In vitro experiments were carried out using human neuroblastoma cell line SH-SY5Y, human glioblastoma cell line U-87, and human erythroleukemia cell line K-562. Cell lines were obtained from American Tissue Culture Collection (ATCC, SH-SY5Y CRL-2266; U-87 HTB-14; K-562 CCL-243). K-562 cells were cultured in RPMI medium with 10% FCS. SH-SY5Y and U-87 cells were cultured in DMEM medium with 10% FCS. In order to determine antiproliferative effect of NCE compounds cells were seeded at density of 5 × 10⁴ cells/mL (K-562) or 10 × 10⁴ cells/cm² (SH-SY5Y, U-87) and treated with increasing concentrations of NCE compounds.

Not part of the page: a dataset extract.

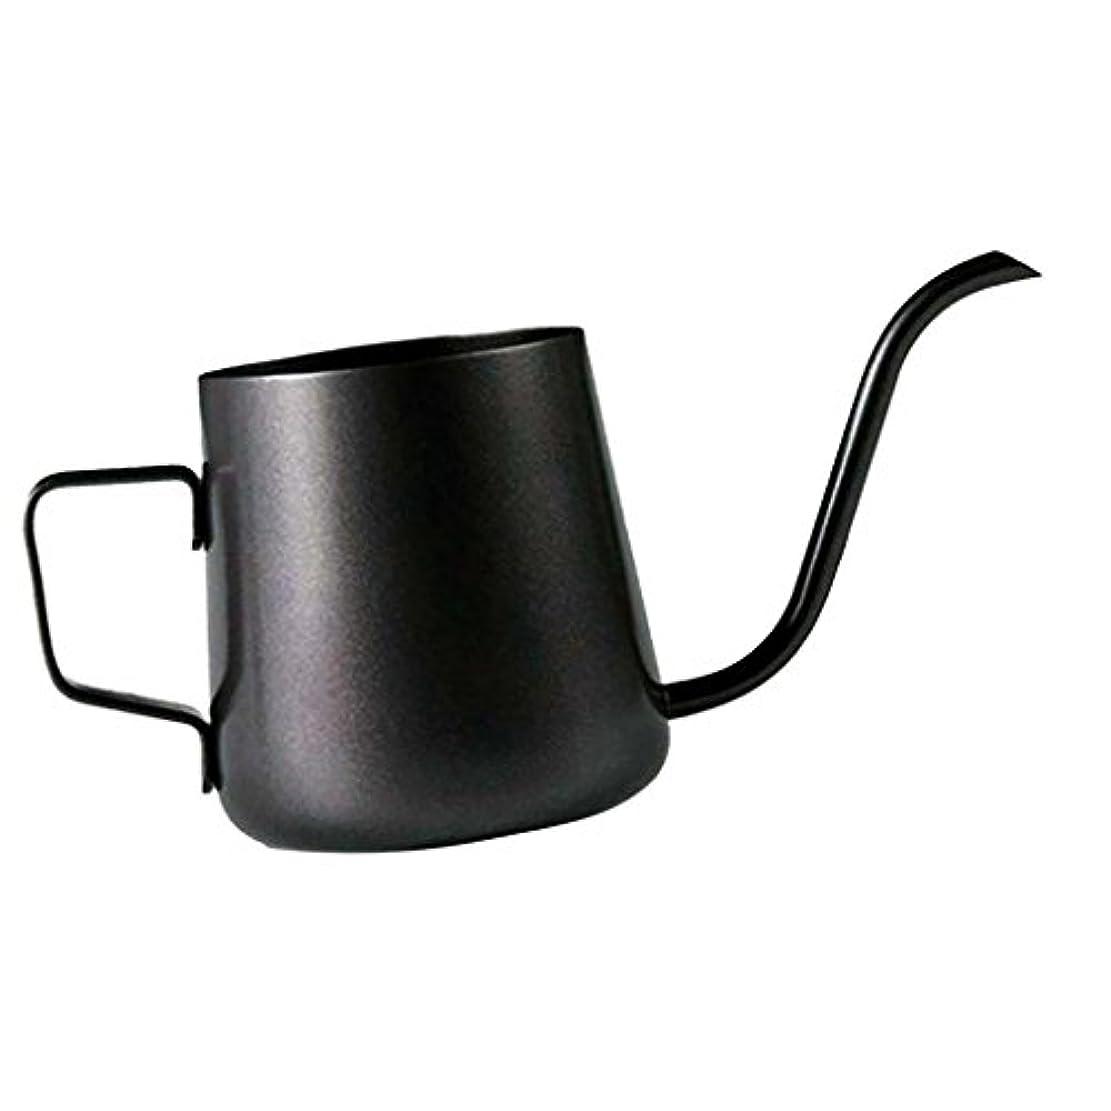 集中ラバヒギンズHomeland コーヒーポット お茶などにも対応 クッキング用品 ステンレス製 エスプレッソポット ケトル - ブラック, 250ミリリットル

Control cells were treated with the vehicle of the experimental point containing the highest percentage of DMSO. Cell cultures were maintained at 37 °C in 5% v/v CO₂ for 72 h. Cell number and vitality were evaluated on cell suspension using the automatic cell counter NucleoCounter^® (Chemometec, Denmark). Results from the NucleoCounter represented either total or non-viable cell concentration, depending on the sample preparation indicated by the manufacturer. Each experiment was performed at least three times and results were expressed as mean and standard deviation.